В большинстве своем – и это признает К. М. Станюкович – это была физически и нравственно здоровая среда: в ней ценились доброта, справедливость, компетентность; не уважали несправедливых и взяточников; презирали фискальство и наушничество; «всякая трусость и слабость жестоко карались, и “непротивление злу” приносило плачевные результаты». Это была «чуткая брезгливая молодежь, по преимуществу дети и родственники моряков, которые даже и во времена самого наглого казнокрадства в большинстве своем гнушались такой наживой»[111].
Даже в обстановке начала XX столетия офицерский корпус флота оставался на высоте. Ф. Ф. Рейнгард, назначенный 30 мая 1917 г. в Постоянную комиссию для испытания вновь строящихся и ремонтирующихся судов военного флота, был удивлен своим большим жалованием – 1080 рублей золотом в месяц. Председатель комиссии на обращенный к нему вопрос ответил: «Чтобы вас никто купить не мог». «Это нас глубоко возмутило, – вспоминал Ф. Ф. Рейнгард. – Мы все происходили из слоев общества, где благородные традиции воспитывались поколениями, и никто нас ничем никогда подкупить не мог бы. Несмотря на наступившую демократизацию и вследствие опошление нравов, нас это не коснулось. Мы остались такими, какими были, ибо с молоком матери и в кадетских корпусах нам было внушено чувство долга и порядочности, поэтому и не надо было обставлять нас так, что мы бывали в затруднении, куда расходовать получаемые средства»[112].

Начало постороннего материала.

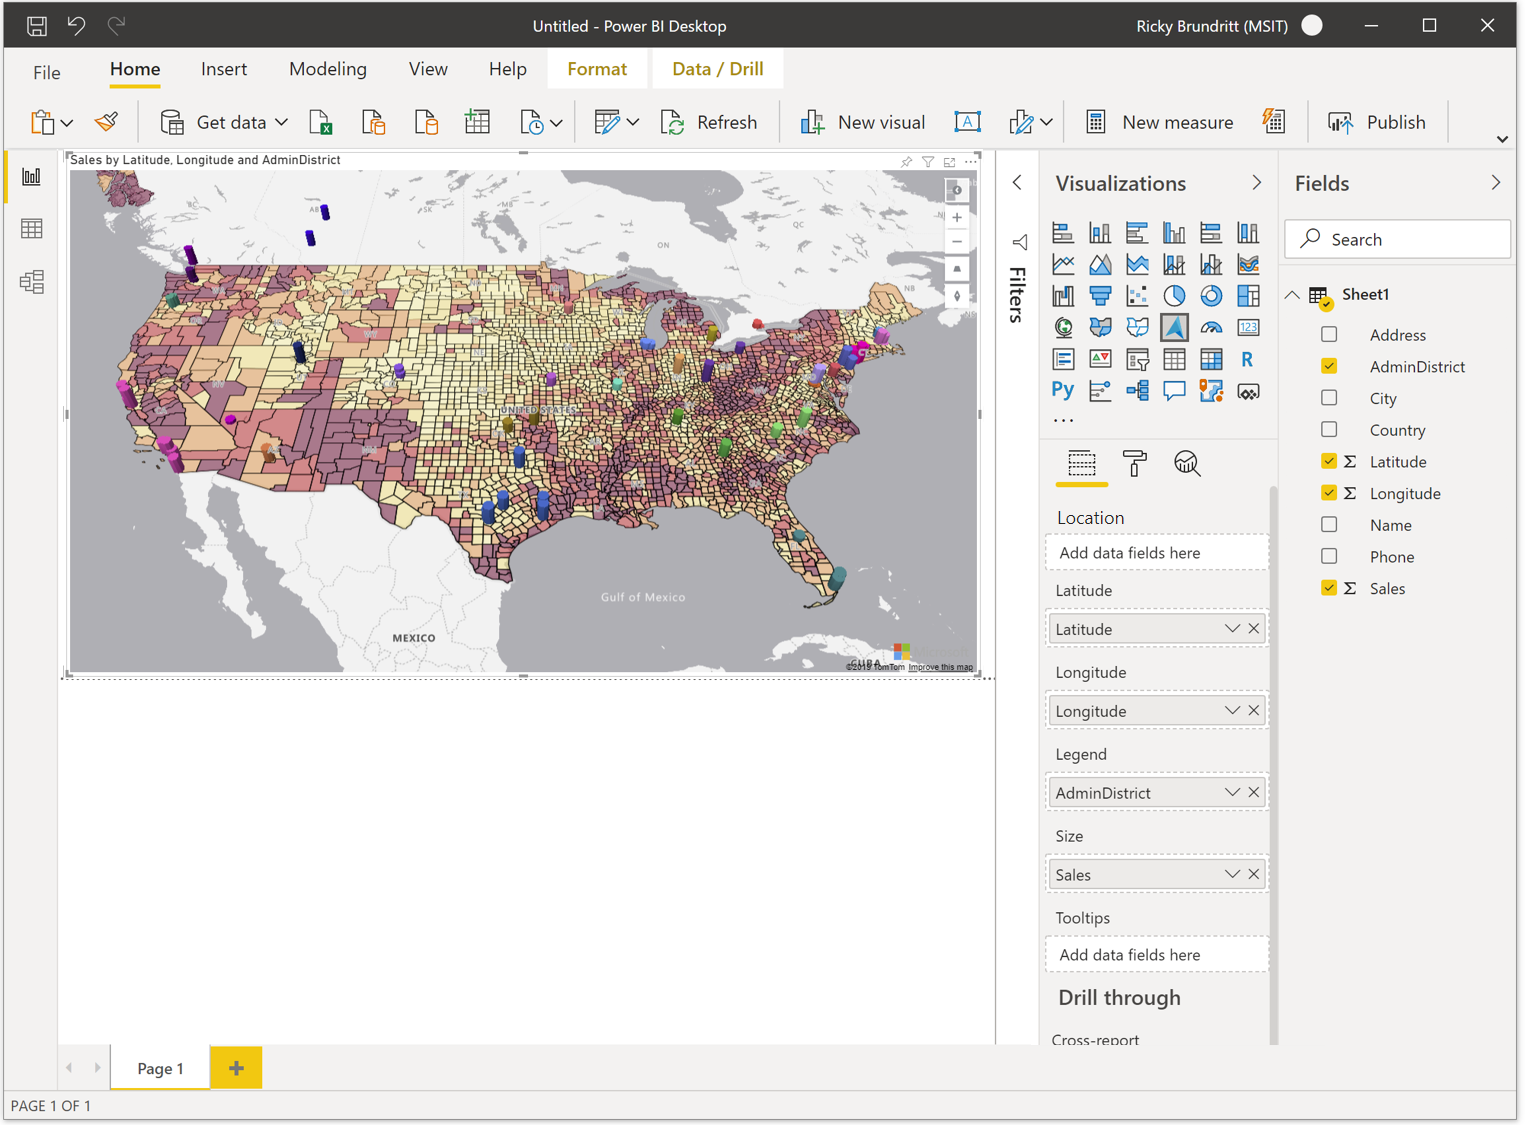 A screenshot of Power BI desktop with the Azure Maps Power BI visual displaying business data.

В Корпусе строго следили за чистотой и здоровьем: «Белье меняли каждую неделю. В баню водили каждую неделю. Существовали постоянные медицинские смотры»[113].
Была отлично поставлена аттестация. «Экзаменовали не преподаватели, а экзаменационная комиссия из офицеров. В комиссии этой полная справедливость. Записки с фамилиями кадет опускались в особые урны и исключительно от воли судеб зависело у кого приходилось экзаменоваться. <…> Вообще положительной чертой Морского корпуса был, как общее правило, царивший в нем дух глубокой справедливости и полного беспристрастия. <…> Как в глазах начальства, так и среди товарищей, удельный вес каждого определялся личными его качествами. Ни знатность, ни связи, ни богатство не давали никаких привилегий. Существовало полное равенство.
<…> Чувство товарищества было очень сильно в Морском корпусе». По кадетским правилам, «с другом обязательно следовало делиться всем поровну»[114].
Среди воспитанников презиралось фискальство. «Это нехорошо», считали они. Начальство того времени, преподаватели и воспитатели не поощряли «жалобы кадет друг на друга», на доносы не реагировали, доносчиков прогоняли[115].
В. В. Верещагин подтверждает: «Товарищество понималось в этом [Морском корпусе] еще сильнее [чем в малолетнем Александровском], энергичнее: не говорить, кто накаверзил, не выдавать и под розгами, не выносить сор из избы не только офицеру, но и воспитаннику старшего класса – считалось святою, неоспоримою обязанностью, и с нарушителями расправлялись безжалостно; даже перед полной очевидностью надобно было говорить “нет”, когда то требовалось классом».
Ему, индивидуалисту, это не нравилось: «В противоположность многим, вероятно, большинству моих сверстников, я не любил товарищества, его гнета, насилия, каюсь – теперь это можно, – что я только молчал, притворялся, только показывал вид, что доволен им, так как иначе меня защипали бы». И 40 лет спустя не понимал, что культивируемый в Корпусе дух товарищества – одно из условий выживания в боевых условиях, и говорил «обдуманно, что принудительное, казарменное товарищество, действительно закаляя дух в известном направлении, не формирует характеров, а скорее сравнивает, нивелирует их, что оно уничтожает такое драгоценное качество, как наивность, самобытность и в значительной мере совестливость, – сколько чудовищно безнравственного по отношению к каждому отдельному лицу, каждой отдельной совести – в товариществе уважалось как высоконравственное, как молодечество, доблесть».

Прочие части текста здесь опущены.